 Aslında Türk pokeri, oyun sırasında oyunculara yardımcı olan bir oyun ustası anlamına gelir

========

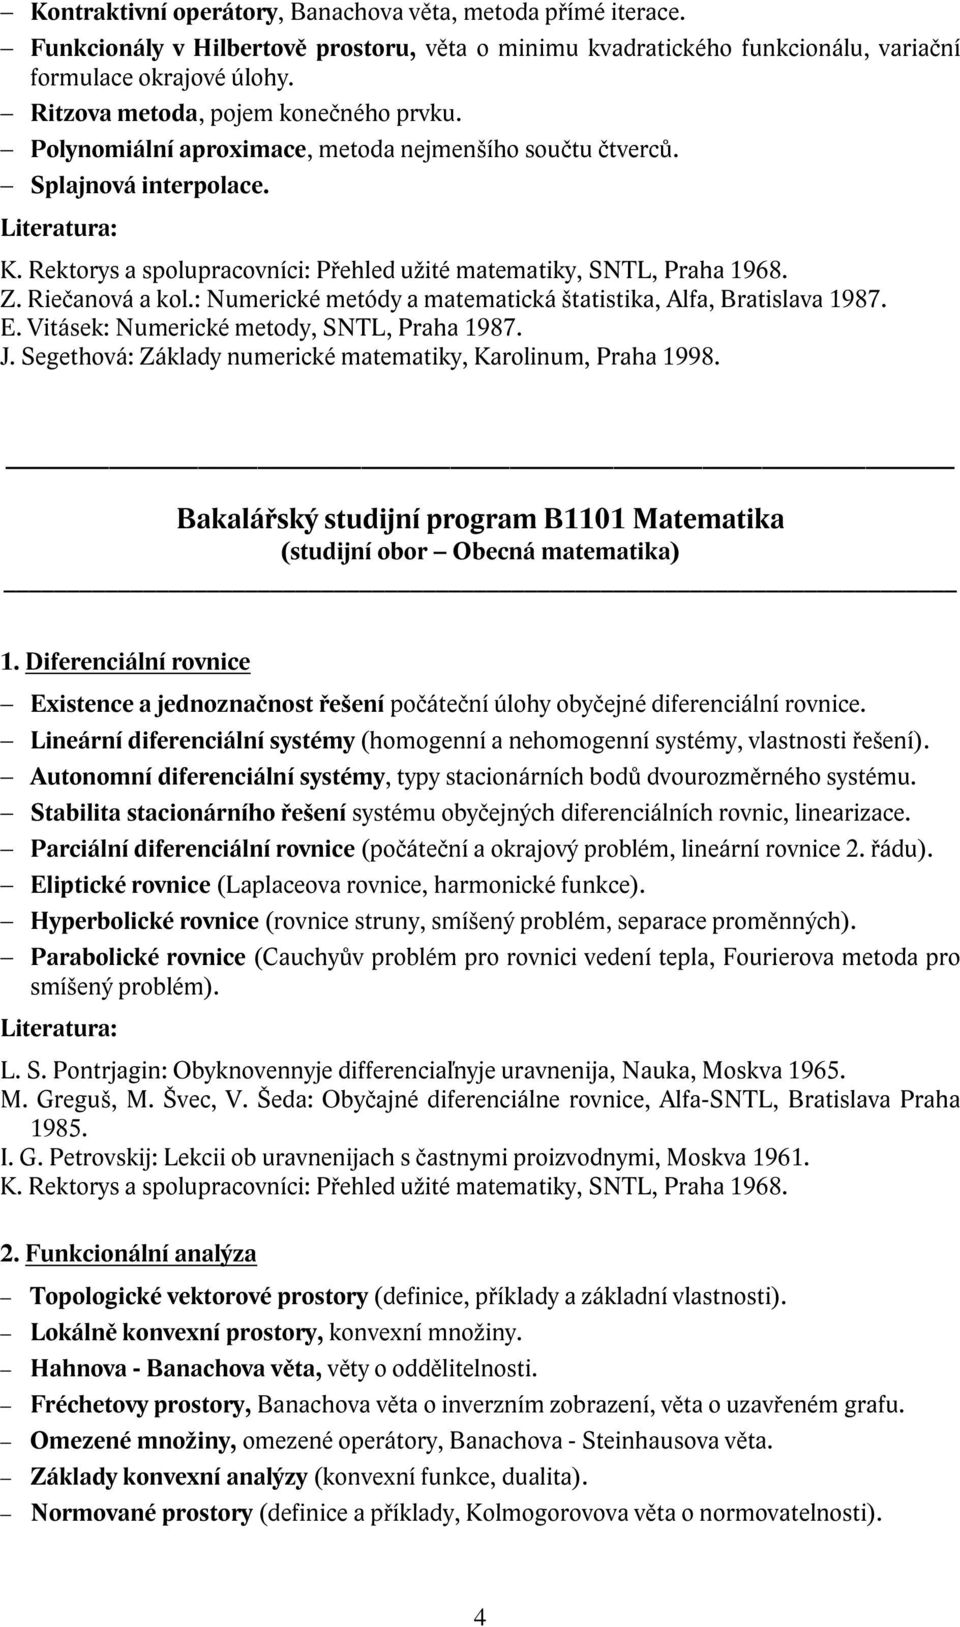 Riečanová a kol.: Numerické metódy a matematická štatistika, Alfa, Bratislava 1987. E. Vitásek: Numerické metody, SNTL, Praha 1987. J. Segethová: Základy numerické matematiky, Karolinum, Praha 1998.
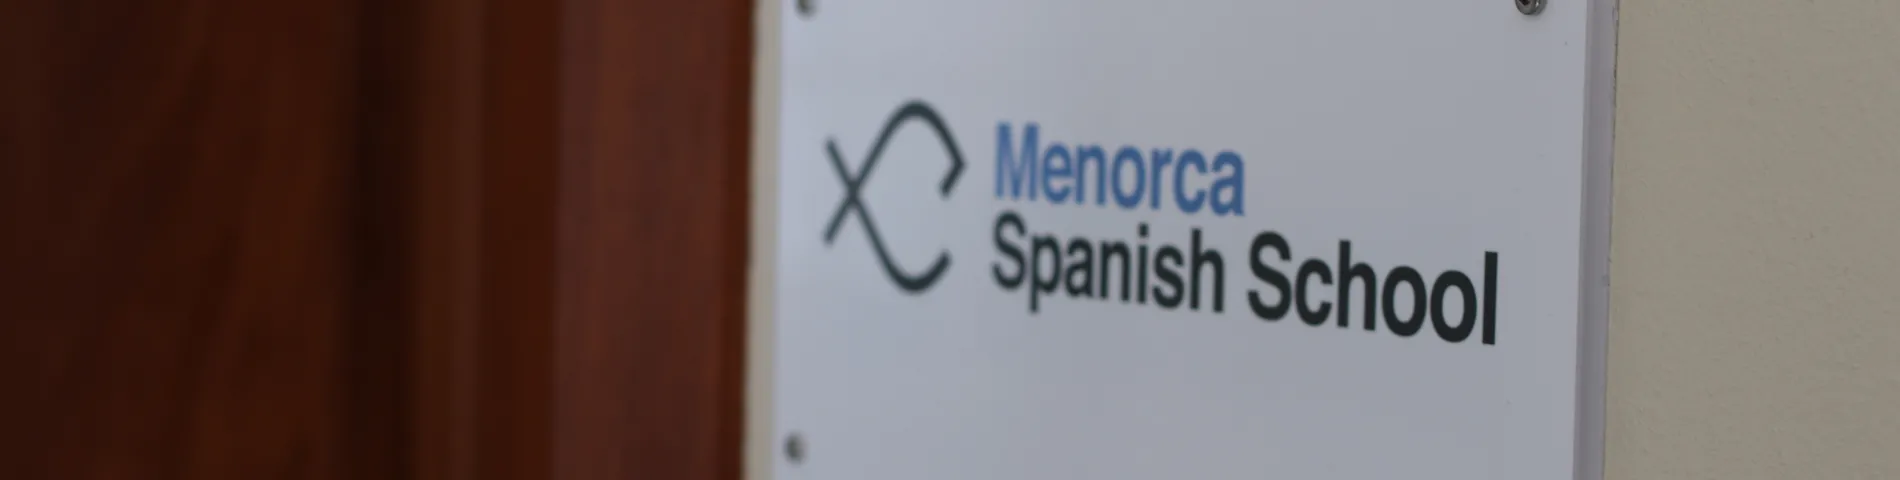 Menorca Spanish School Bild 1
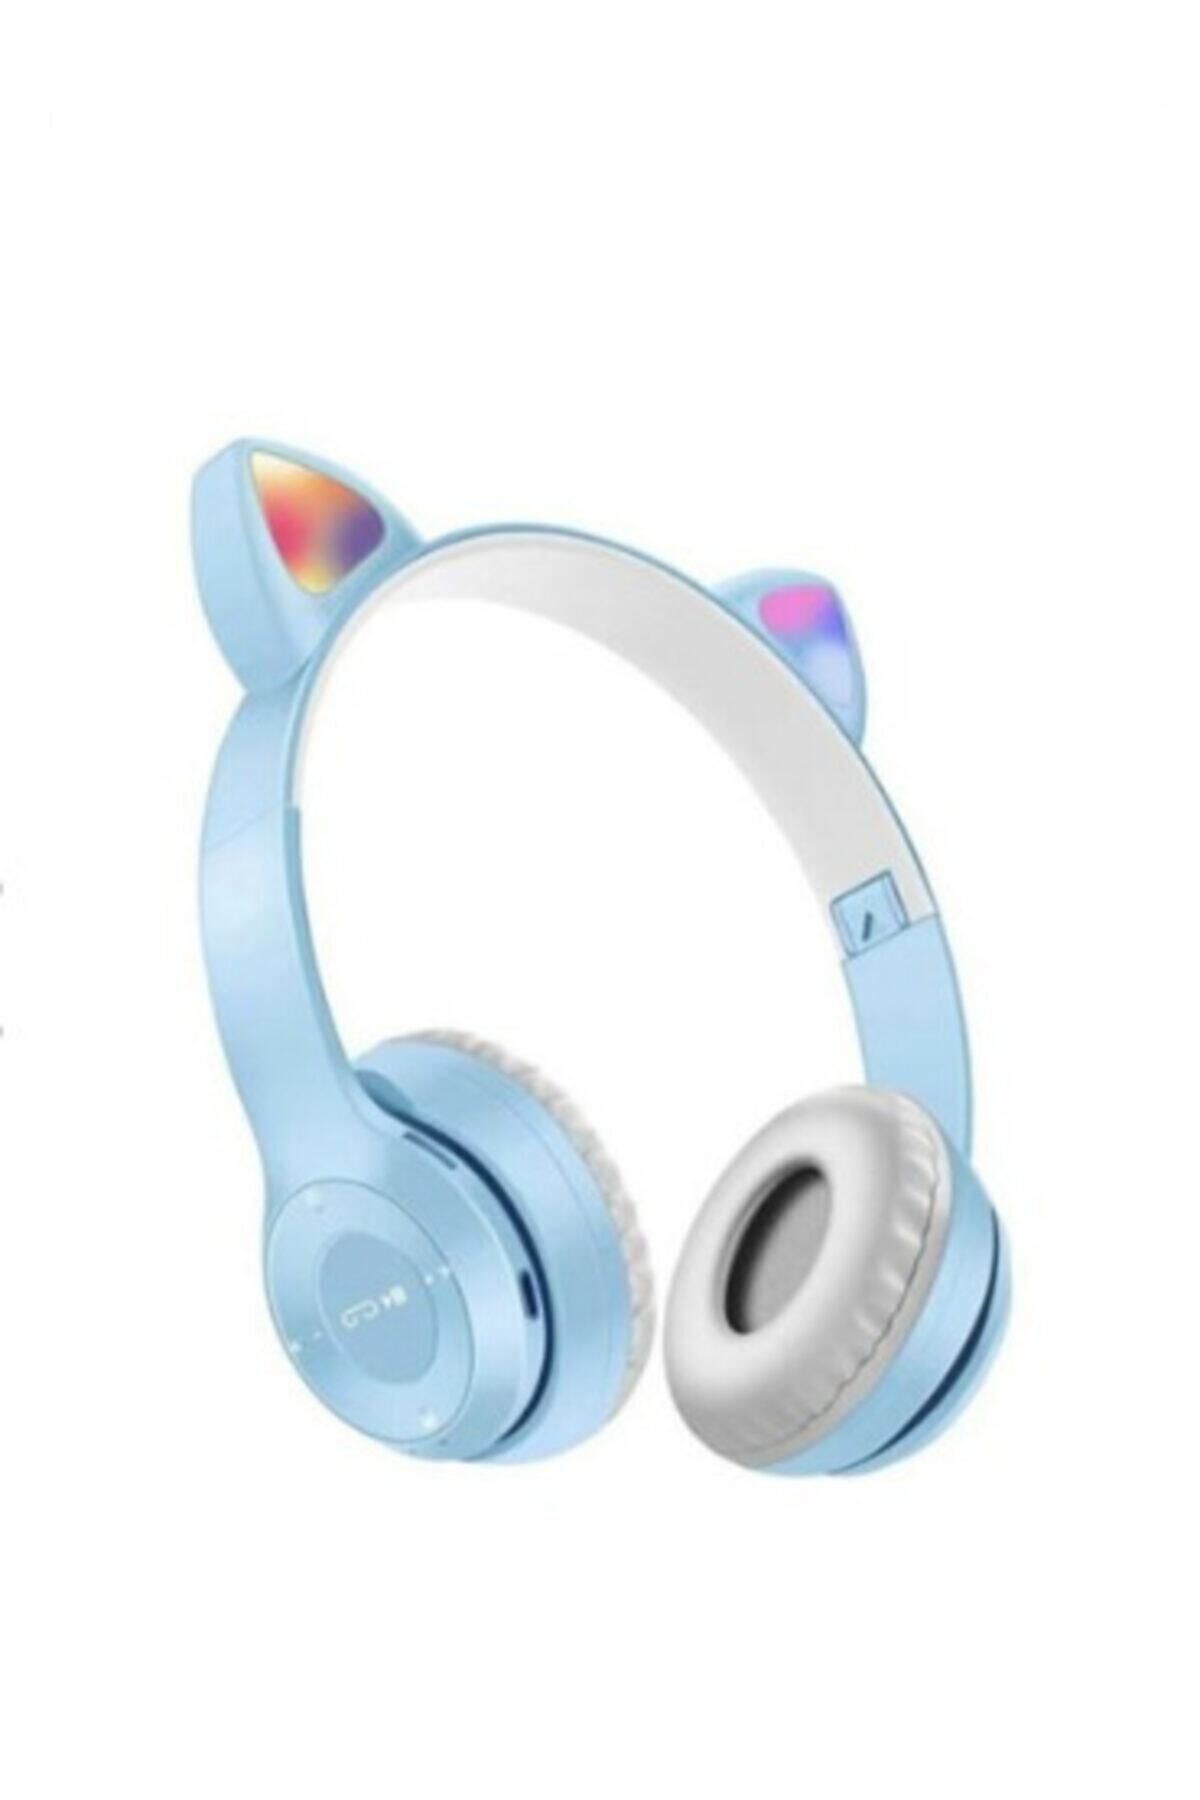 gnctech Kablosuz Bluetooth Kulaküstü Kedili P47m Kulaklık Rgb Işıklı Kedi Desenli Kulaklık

========

Copy exactly the lines of the listing above between the one holding "Menorca Spanish School Bild 1" and the one holding "gnctech Kablosuz Bluetooth", inclusive; omit all pictures.

 Menorca Spanish School Bild 1
 gnctech Kablosuz Bluetooth Kulaküstü Kedili P47m Kulaklık Rgb Işıklı Kedi Desenli Kulaklık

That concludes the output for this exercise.